A procedure for the determination of Hg species (as the dithizone complexes) by TLC with AFS detection has been developed.48 The Hg atoms were generated by a plasma jet, sustained in Ar in a 300 μm quartz capillary, that impinged on the surface of the plate to desorb the separated compounds. The LODs for iHg, MeHg and phenyl Hg were 3, 9, and 6 pg, corresponding to 3, 9 and 6 μg L−1, as the sample volume applied to the plate was 1 μL. No mercury species were detected in the water and urine sample examined, though recoveries of spikes of 500 and 1000 μg L−1 were not significantly different from 100%. The researchers propose that it would be possible to design a portable, miniature, and mobile instrument for field speciation analysis, which seems a bit optimistic given that both an argon supply and a power supply capable of providing 2.5 kV at 10 kHz are needed. A Chinese language article49 describes a miniaturised long-optical path atomic absorption spectrometer with a dielectric barrier discharge as atomiser for the detection of iHg and MeHg following vapour generation with BH in a sequential injection system. The absorbance from iHg was measured with the atomiser off, while the total absorbance from both species was measured with the atomiser on. The LODs were 0.3 and 0.4 μg L−1. It was indicated that the reliability of the system was demonstrated by analysing certified reference materials and real samples for mercury species, but it is not possible to verify that this really was the case.
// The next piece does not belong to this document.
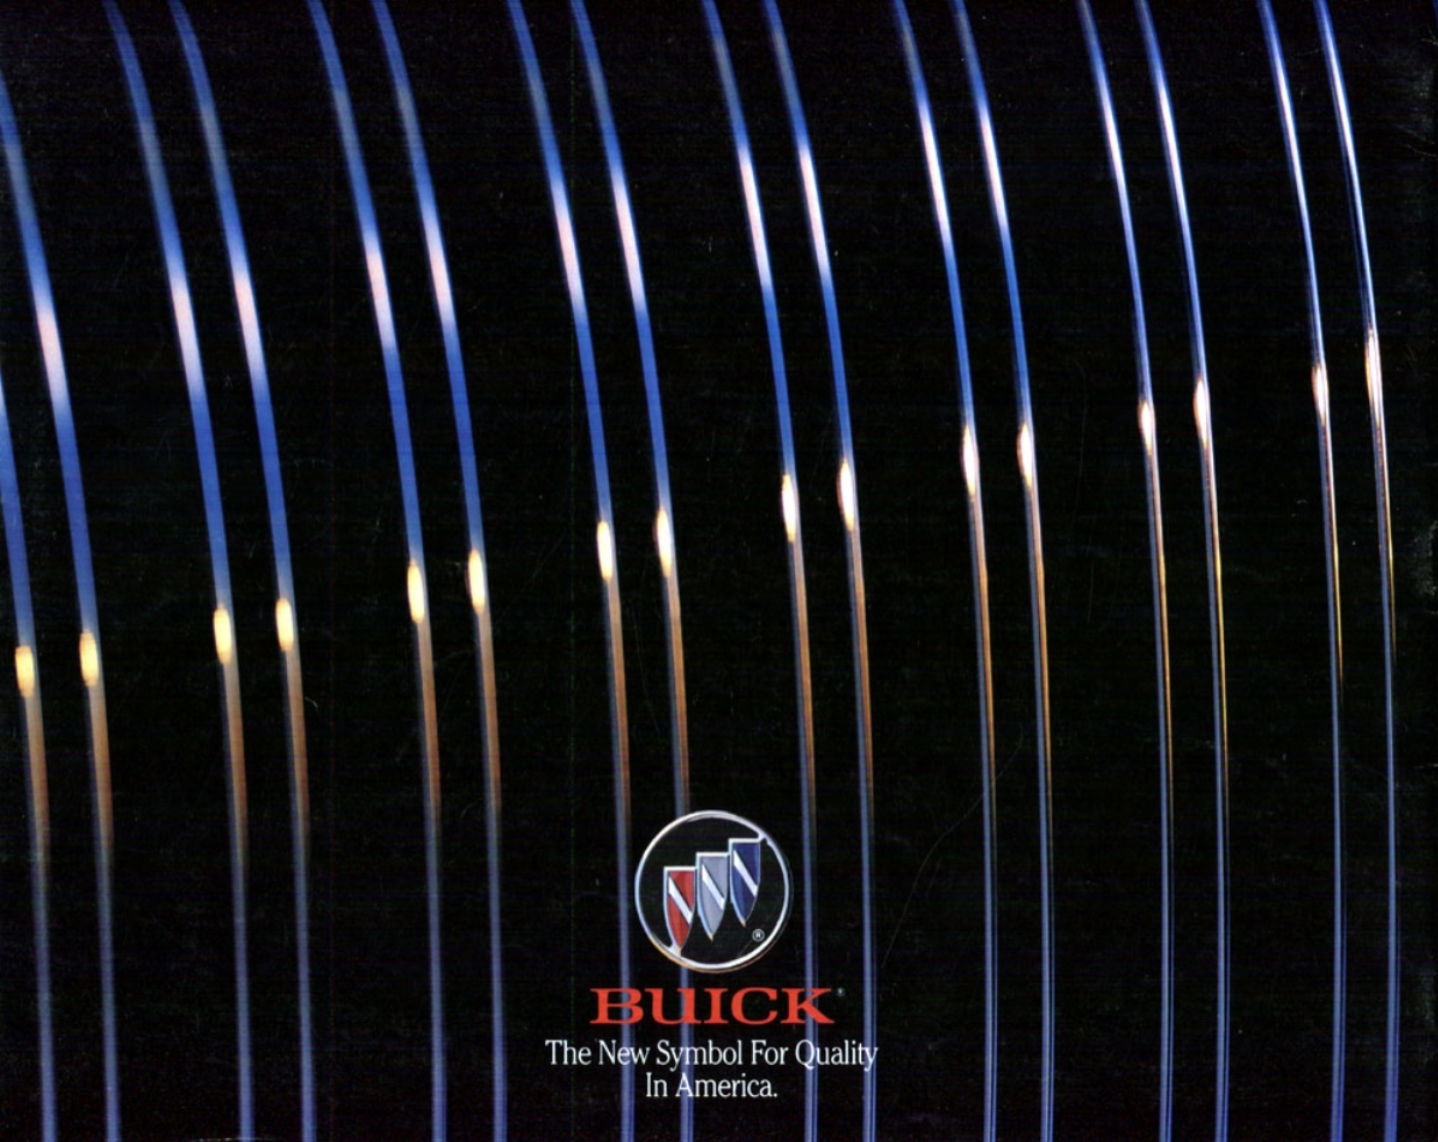 1992 Buick Full Line-46
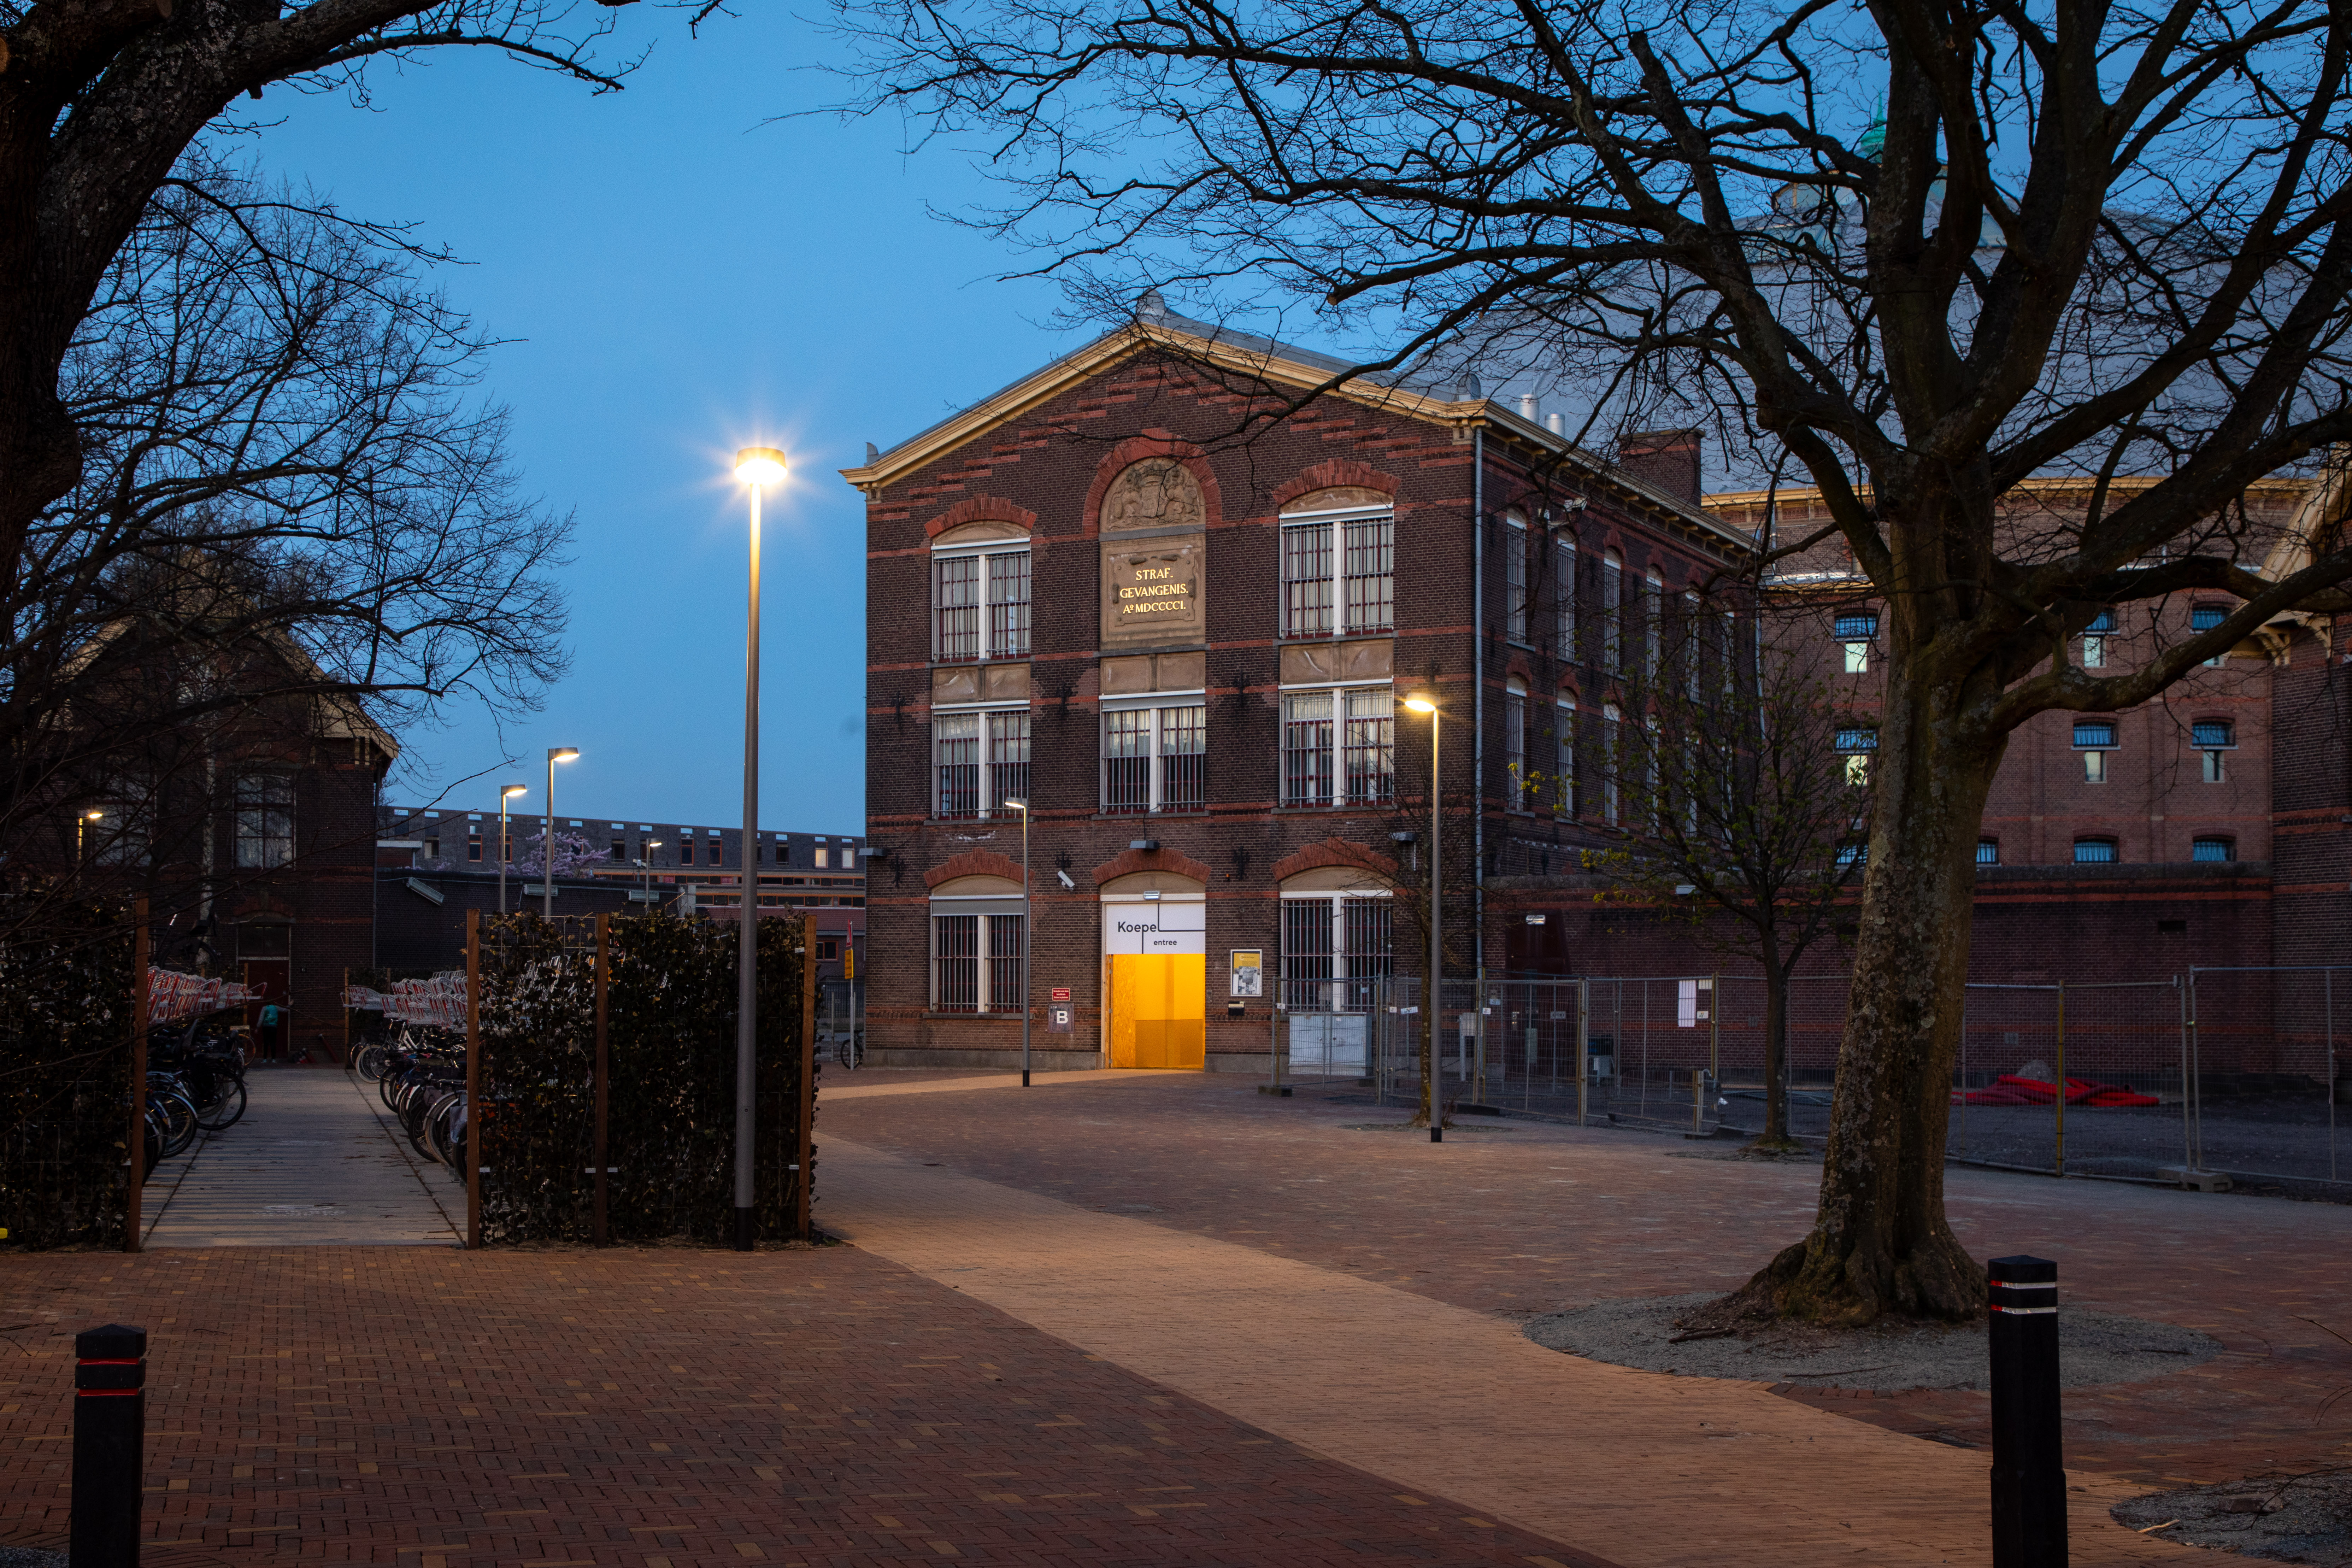  Lighting fixture De Koepel - Haarlem

Researchers writing in Japanese50 have reported on the determination of S and P compounds separated by GC using an in-tube microplasma torch and AE detection. The device is a radio frequency plasma sustained in helium into which a grounded tubular platinum electrode (0.3 mm i.d., 0.5 mm o.d.) was inserted. The emitted light was transferred to a spectrometer with a CCD by an optical fibre. For thioanisole the LOD (as S) was 4 pg s−1 and for triethyl phosphate as a test P compound, the LOD was 22 pg s−1.

A procedure for the indirect determination of aminopolycarboxylic acids in surface water has been developed, in which the complexes with In are determined by IC-ICP-MS.51 Competition from iron in real samples was offset by the addition of sulfite to reduce FeIII to FeII, whose complexes with the analytes are much less stable. Excess In was removed by a cation-exchange guard column. The method was validated by the analysis of 62 samples that had already been analysed by a GC–MS method. A linear regression of the results (for the determination of EDTA and diethylene triamine pentaacetic acid) showed no significant difference based on the 95% confidence intervals about the slope and intercept. Visual inspection of the plot for EDTA showed what the authors described as “some scatter…around the middle.” which actually looks like poorly correlated data.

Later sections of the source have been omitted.